Homework 8 Task 4: Condition Numbers of Hilbert Matrices

Task: Test the code developed above (K2_cond) to compute the condition number of the Hilbert matrix as the size of the matrix is increased. Tabulate and/or graph the results from your work.

This process can be executed in Fortran with the following code.
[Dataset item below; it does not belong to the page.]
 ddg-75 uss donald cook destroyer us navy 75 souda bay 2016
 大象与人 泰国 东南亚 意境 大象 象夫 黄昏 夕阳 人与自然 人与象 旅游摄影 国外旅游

INTEGER :: n, maxiter, i, printit, j, k
REAL*8, ALLOCATABLE :: A(:, :), v0(:), v(:)
REAL*8 :: tol, lam, alpha, cond
INTEGER :: s(1:4)

tol = 10.D-18
maxiter = 10000
printit = 1
s = (/4, 8, 16, 32/)
DO k = 1, SIZE(s)
    IF(ALLOCATED(A)) THEN 
        DEALLOCATE(A, v0, v)
    END IF
    n = s(k)
    ALLOCATE(A(n, n), v(n), v0(n))
    WRITE(*,*) "Hilbert", n, "x", n
    DO i = 1, n
    	DO j = 1, n
    		A(i, j) = 1.0D0/(REAL(i) + REAL(j) - 1.0D0)
    	END DO
    END DO
    v0 = 1.D0
    CALL K2_cond(A, n, v0, tol, maxiter, printit, cond)
    WRITE(*,*) cond
END DO

The results of running this code are shown here

Size of Hilbert Matrix	Condition Number
4x4	15513.738738930397
8x8	15257575817.032135
16x16	3.6910873798176121E+019
32x32	1.1010765858137861E+018

Hilbert matrices are terribly conditioned. This means that a small perturbation in the right hand side of a system of equations with these matrices will yield drastically different results.